Center for the Intrepid, Department of Orthopaedics and Rehabilitation, Brooke Army Medical Center, Ft. Sam Houston, TX, USA.
Center for the Intrepid, Department of Orthopaedics and Rehabilitation, Brooke Army Medical Center, Ft. Sam Houston, TX, USA.
Gait Posture. 2014 Sep;40(4):640-6. doi: 10.1016/j.gaitpost.2014.07.019. Epub 2014 Jul 29.
Low back pain (LBP) is common in individuals with transfemoral amputation and may result from altered gait mechanics associated with prosthetic use. Inter-segmental coordination, assessed through continuous relative phase (CRP), has been used to identify specific patterns as risk factors. The purpose of this study was to explore pelvis and trunk inter-segmental coordination across three walking speeds in individuals with transfemoral amputations with and without LBP. Nine individuals with transfemoral amputations with LBP and seven without pain were compared to twelve able-bodied subjects. Subjects underwent a gait analysis while walking at slow, moderate, and fast speeds. CRP and CRP variability were calculated from three-dimensional pelvis and trunk segment angles. A two-way ANOVA and post hoc tests assessed statistical significance. Individuals with transfemoral amputation demonstrated some coordination patterns that were different from able-bodied individuals, but consistent with previous reports on persons with LBP. The patient groups maintained transverse plane CRP consistent with able-bodied participants (p = 0.966), but not sagittal (p < 0.001) and frontal plane CRP (p = 0.001). Sagittal and frontal CRP may have been re-optimized based on new sets of constraints, such as protective rigidity of the segments, muscular strength limitations, or prosthesis limitations. Patients with amputations and without LBP exhibited few differences. Only frontal and transverse CRP shifted toward out-of-phase as speed increased in the patient group with LBP. Although a cause and effect relationship between CRP and future development of back pain has yet to be determined, these results add to the literature characterizing biomechanical parameters of back pain in high-risk populations.

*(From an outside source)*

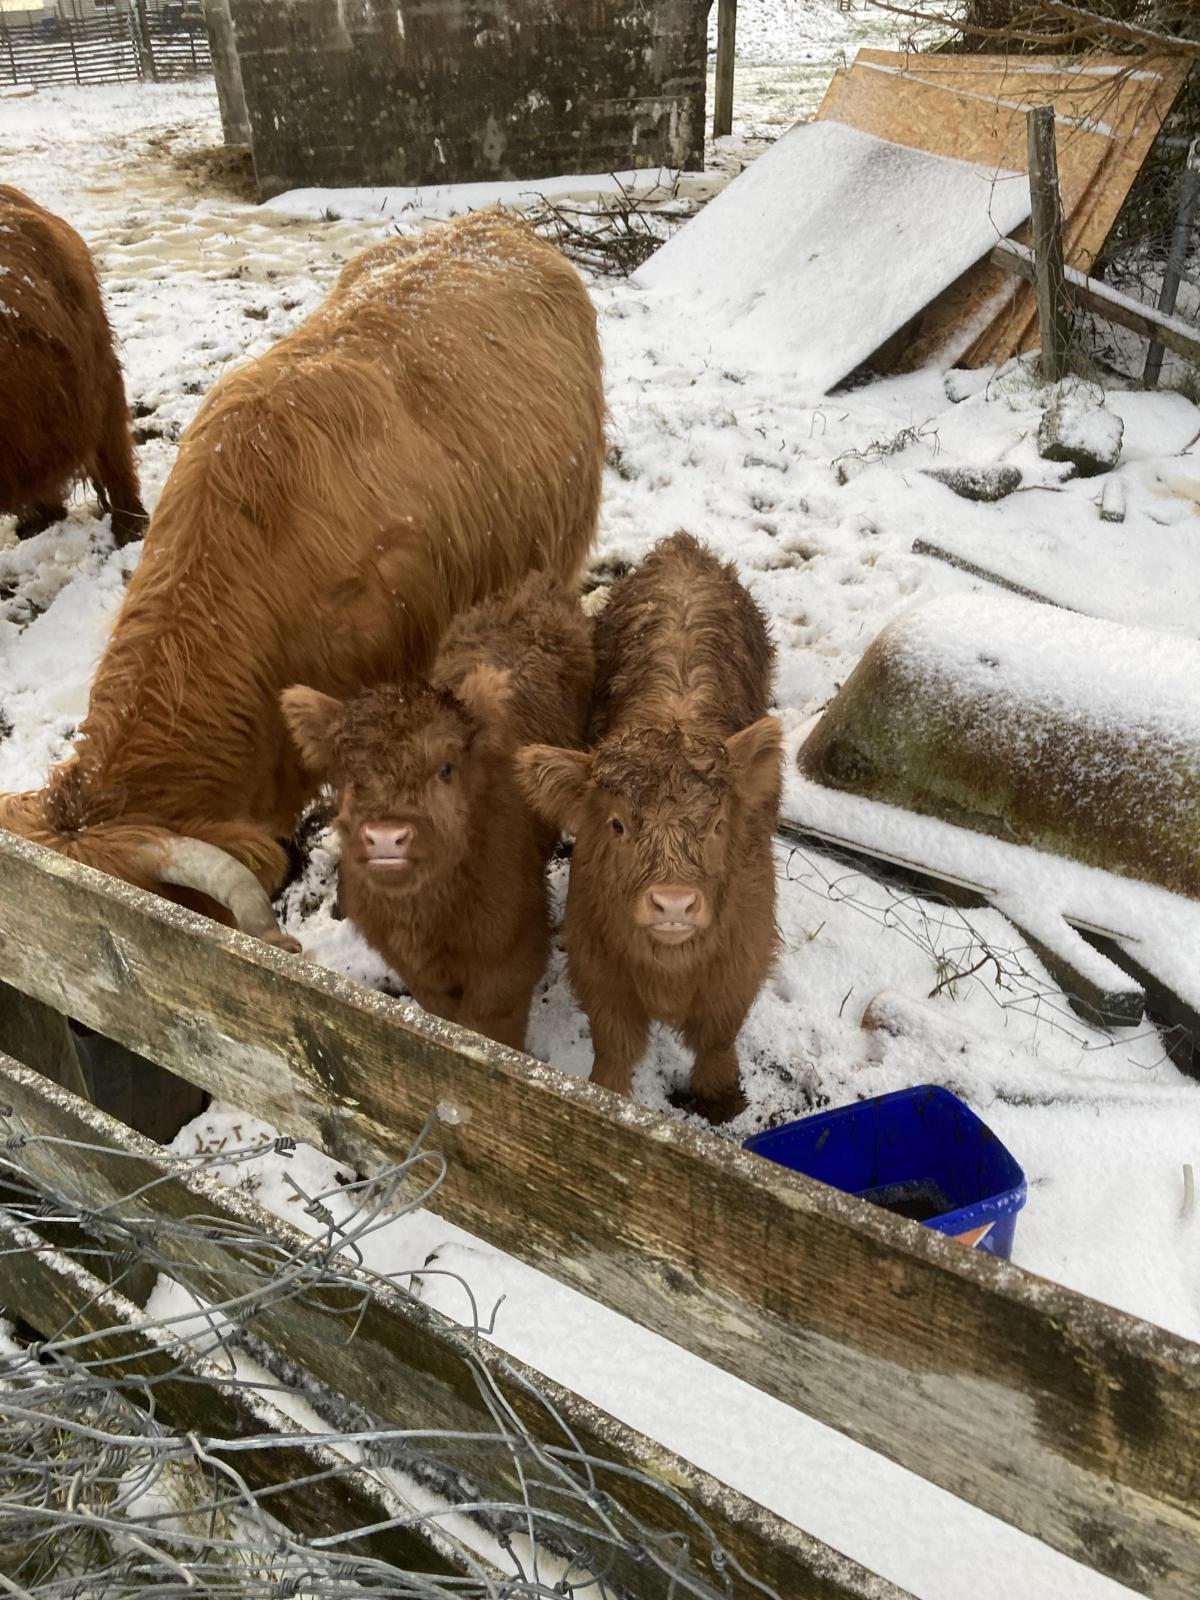 Anthony Robson - We don’t mind snow in the Hebrides, Holly & Ivy, Highland calves at Holm, Isle of Lewis

下肢截肢者常患有下腰痛(LBP),这可能是由于使用假肢导致步态力学改变所致。节段间协调(通过连续相对相位(CRP)评估)已被用于确定特定模式作为风险因素。本研究旨在探讨下肢截肢者伴或不伴 LBP 在下腰痛高危人群中,三种行走速度下骨盆和躯干节段间的协调情况。将 9 名伴有 LBP 的下肢截肢者和 7 名无痛患者与 12 名健康受试者进行比较。受试者在慢、中、快三种行走速度下进行步态分析。从三维骨盆和躯干节段角度计算 CRP 和 CRP 变异性。采用双因素方差分析和事后检验评估统计学意义。下肢截肢者表现出一些与健康人不同的协调模式,但与之前关于 LBP 患者的报告一致。患者组保持与健康参与者一致的横断面上的 CRP(p=0.966),但不在矢状面(p<0.001)和额状面上(p=0.001)。矢状面和额状面 CRP 可能已经根据新的约束条件进行了重新优化,例如节段的保护刚性、肌肉力量限制或假体限制。无 LBP 的截肢患者组表现出很少的差异。只有在伴有 LBP 的患者组中,随着速度的增加,CRP 才从前向和横向转向相位相反。尽管 CRP 与未来腰痛发展之间的因果关系尚未确定,但这些结果增加了描述高危人群腰痛生物力学参数的文献。